Remix Forms with zod — Part 1: tackling formData

Yarden Hochman
Venn Engineering Blog
3 min readJan 8, 2023

Why read this article:

In this article I want to show how to quickly and easily validate and parse form data in Remix in one line of code into fully typed objects.

Remix makes forms easy — native HTML is king again

Working with forms in React is notoriously painful, you need to create state variables and handlers to track changes on each field, validate them, then manually send the field values to the server.

Using native HTML forms is much simpler because your form handles its own state, and utilizes the server for validation.

The standard way to handle forms in HTML is native form elements containing a submit button. Clicking the button will submit to the server a FormData instance containing all the form’s values.

But FormData is a pain to work with…

Unfortunately the FormData class provides no information on what data it contains. The naive way of working with it involves painfully extracting each parameter value, which is retrieved without any type information. This makes FormData hard to work with.

the naive way to extract the form’s data on the server. We need to “get” each form field’s value
Notice that we have no type information. Everything is just “FormDataEntryValue”.

Use Zod and zod-form-data to validate and parse FormData

Links to libraries:

Zod

Zod Form Data

Zod is one of the most used validation libraries today. We can use it to specify what type of form data would be valid and what errors to throw when it is not.

Here is an example of an event object’s schema.
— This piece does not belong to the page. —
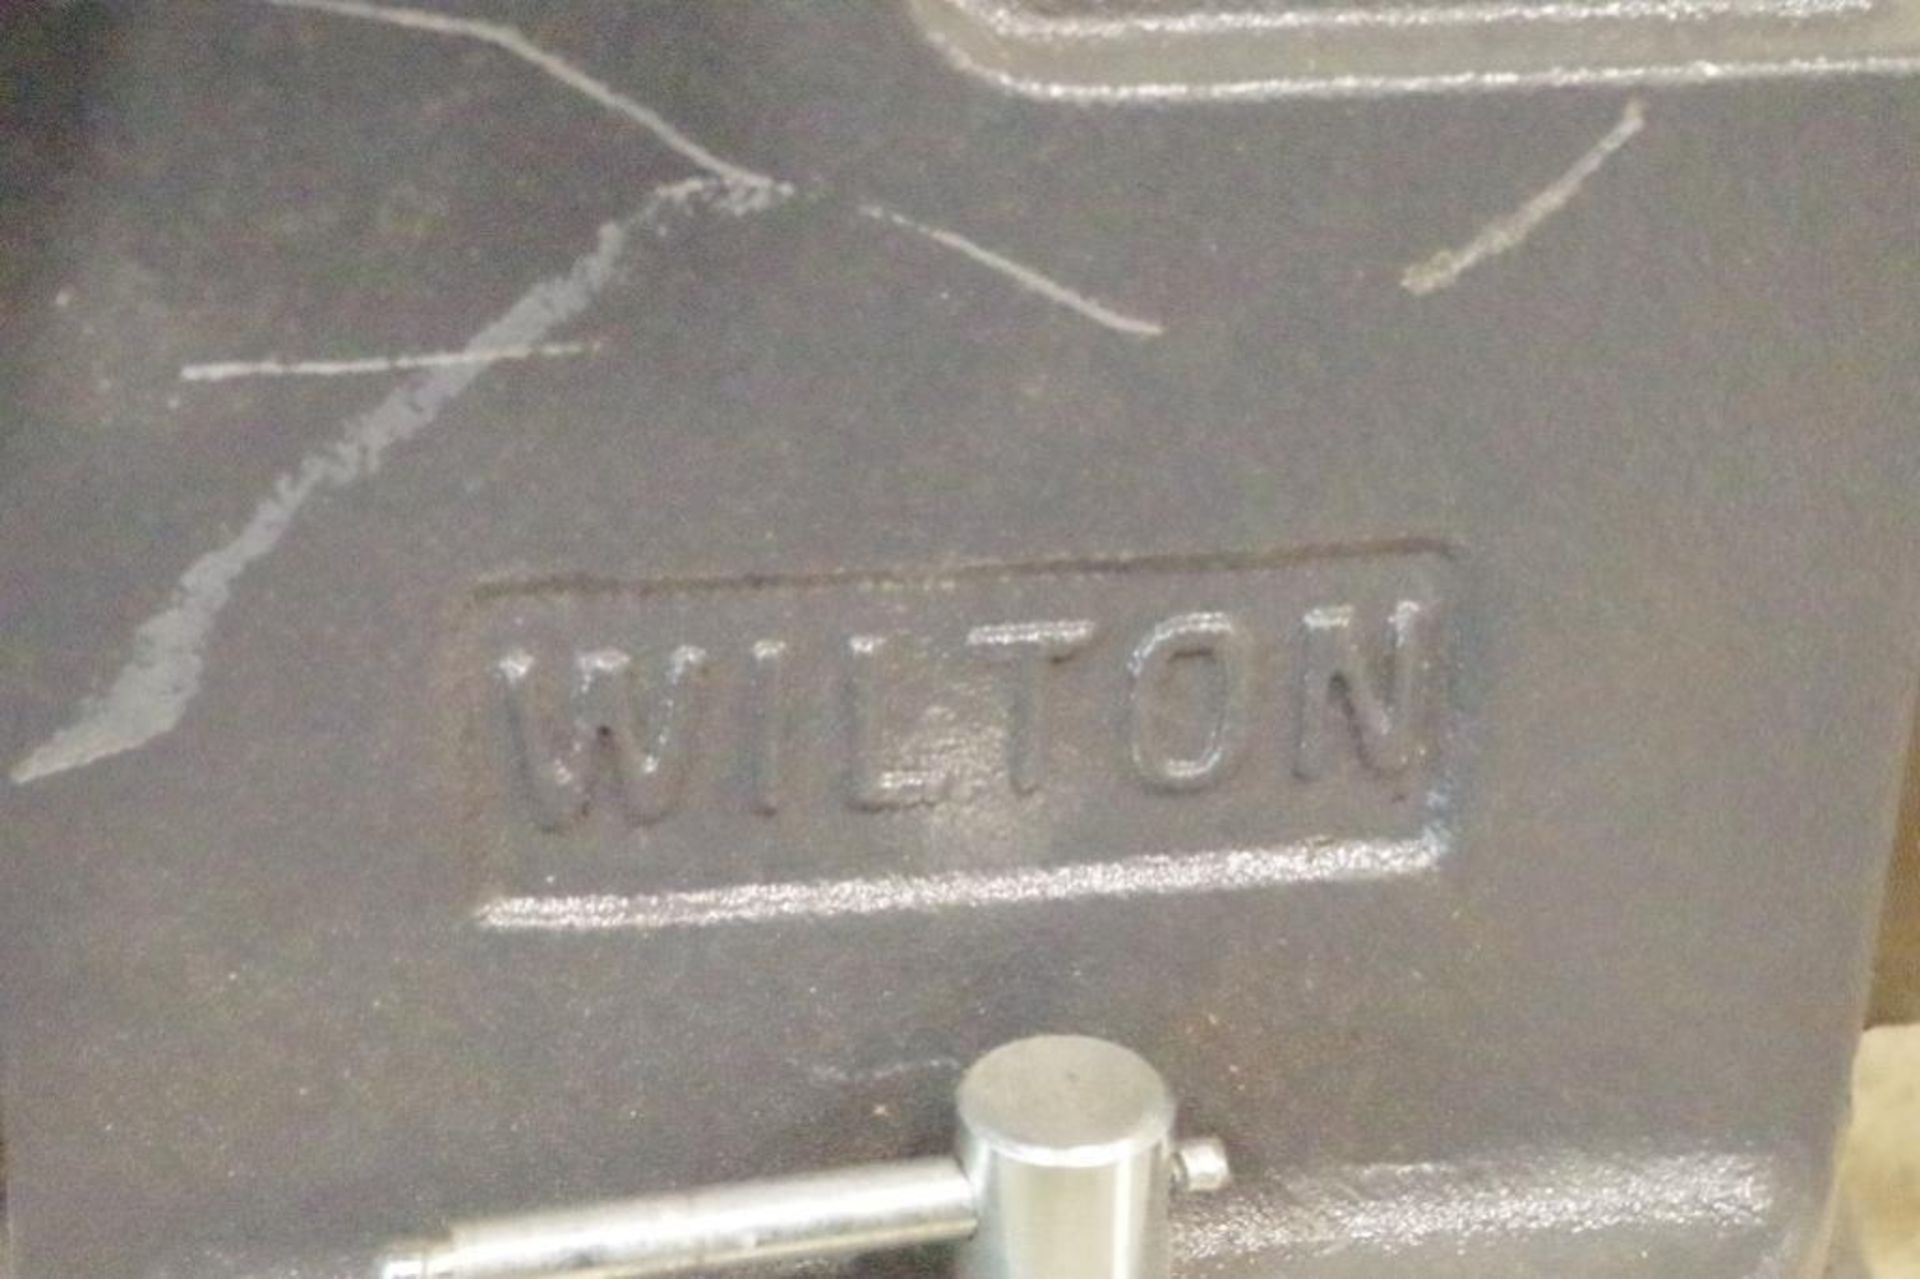 NEW WILTON Bench Vise, 8" Jaw Width - Image 3 of 6

const eventSchema = z.object({
duration: zfd.numeric(
z.number().min(0, { message: `please specify your event's duration` }),
),
admission: zfd.numeric(z.number().min(0).optional()),
maxTickets: zfd.numeric(z.number().min(0).optional()),
startDate: zfd.text(
z.string({ required_error: 'Please select a date and time' }),
),
location: zfd.text(z.enum(LOCATION_VALUES)), //enums
imageResourceId: zfd.text(z.string()),
timezone: zfd.text(z.string()),
imageFormat: zfd.text(z.string()),
organizers: zfd.text(z.string().optional()),
description: zfd.text(z.string()),
buildingSpecific: zfd.checkbox(),
buildingIds: zfd.repeatable(z.array(zfd.text()).optional()),
place: zfd.text(z.string().optional()),
virtualLink: zfd.text(z.string().optional()),
name: zfd.text(z.string().min(1, { message: `please provide a name` })),
intent: zfd.text(
z.enum([ //enums
EVENT_INTENT.Publish,
EVENT_INTENT.SaveAsDraft,
EVENT_INTENT.SaveChanges,
]),
),
})
export const submitEventValidator = withZod(eventSchema);

the zfd portion specifies the type of value you expect to be getting (repeatable = array, text = string, etc).

You can infer a Typescript interface based on this schema definition:

export type EventType = z.infer<typeof upsertEventSchema>;

The resulting type:

Now we can validate and parse in one line!

const result = await submitEventValidator.validate(await request.formData());
if (result.error) {
return validationError(result.error, result.submittedData);
}
//success result's code after type guard

Notice that we are returning an error if validation failed. This is crucial because we cannot let a user submit the wrong information, and it functions as a type guard because from this point on, Typescript knows that “result” contains a valid event object.

So now we have all the information we expected to receive on the server, all this with one line of code!